家も仕事も失いましたが、一夜の恋で授かったお腹の子ごと若手社長に溺愛されています

 明莉の反応を見て、圭二はもはや、面白そうな表情にすらなった。

 目の前までやってきて、目を見つめる。

 その瞳も視線も薄暗くて、明莉はブラックホールに吸い込まれそうな嫌な感覚でいっぱいになった。

「お前の男、金をたっぷり持ってるんだろ。
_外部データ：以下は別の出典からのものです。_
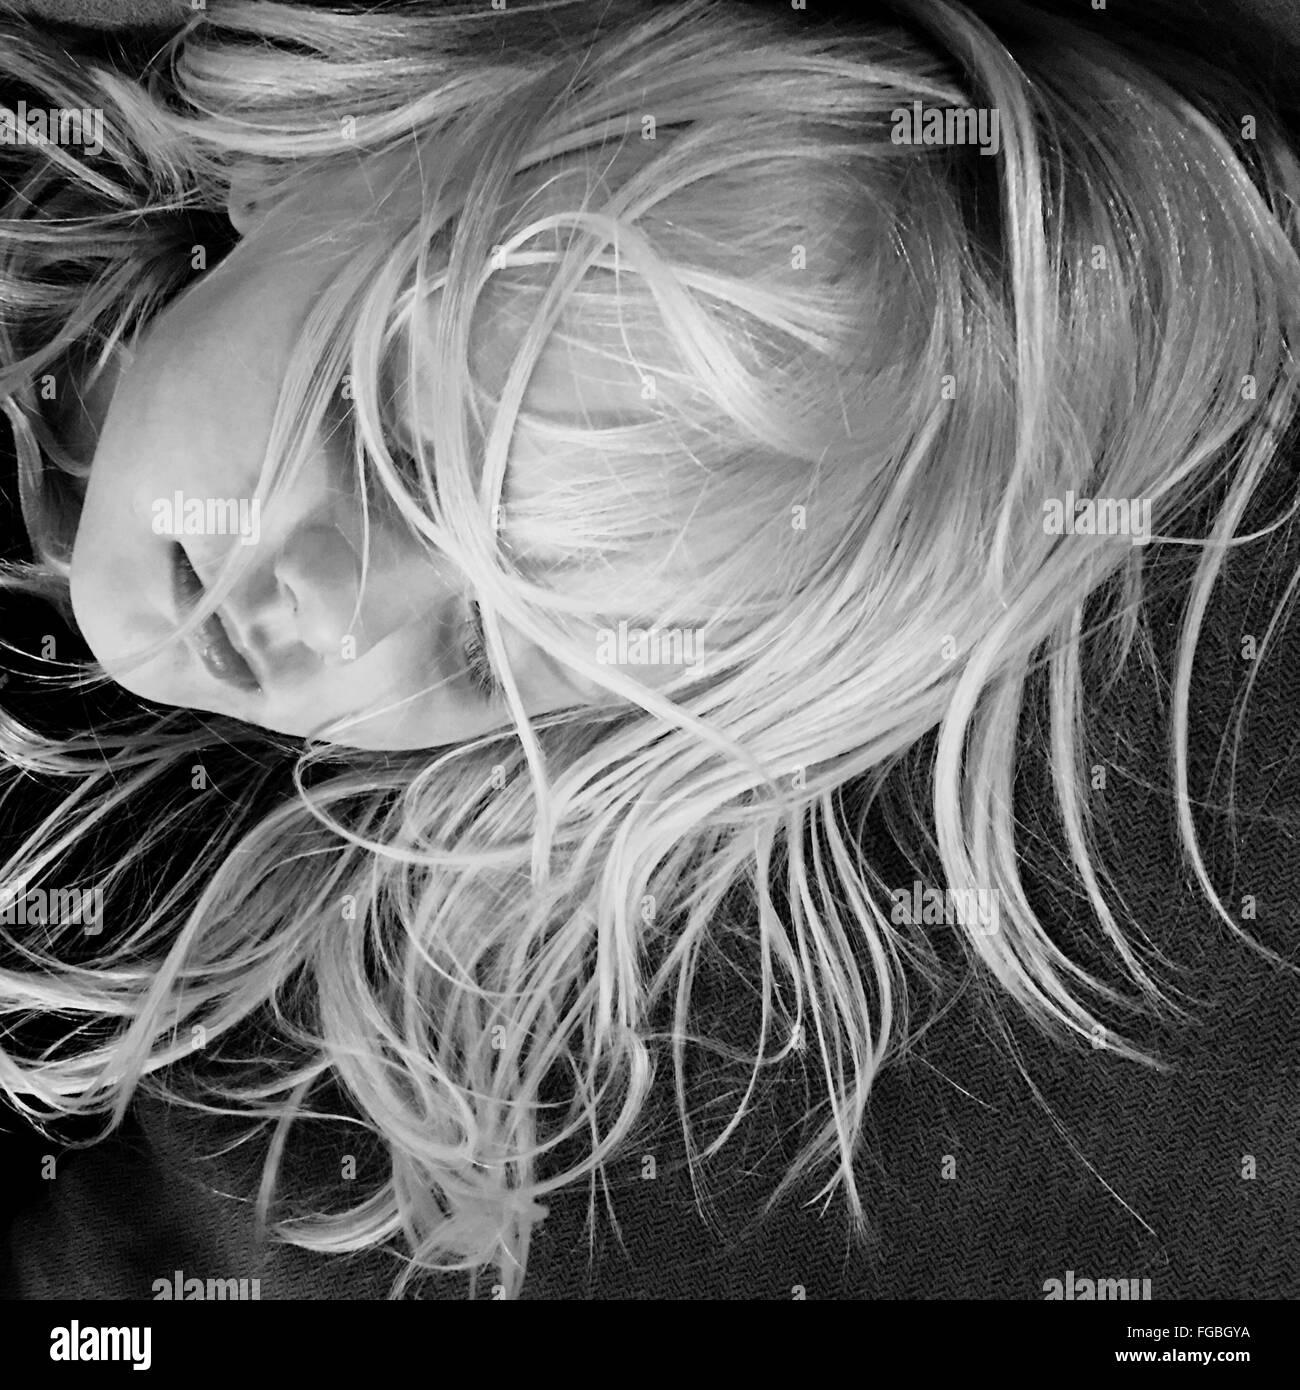 Angolo di Alta Vista della ragazza con i capelli disordinati che dorme sul letto Immagini Stock

俺はお前と七年近く付き合ってきたよな? そのよしみでちょっと融通してくれよ」

 明莉は目を見開いた。

 嫌な感じで、どくんっと心臓が跳ねる。

 信じられない気持ちだった。

 仮にも……彼の言葉通り、七年近い交際をした相手から、今、こんなふうに脅されるなんて。

 言葉自体にも、彼から発されているのにも、両方からショックを受けた。

 さすがになにも言葉なんて出てこない。

 恐怖とショックで、喉は詰まったようになっている。

「あるいはー……、あの男と別れて、俺とやり直せよ。もちろん上手く言って、あの男から慰謝料でもなんでも巻き上げてこいよな」

 なのに圭二の酷い言葉は続く。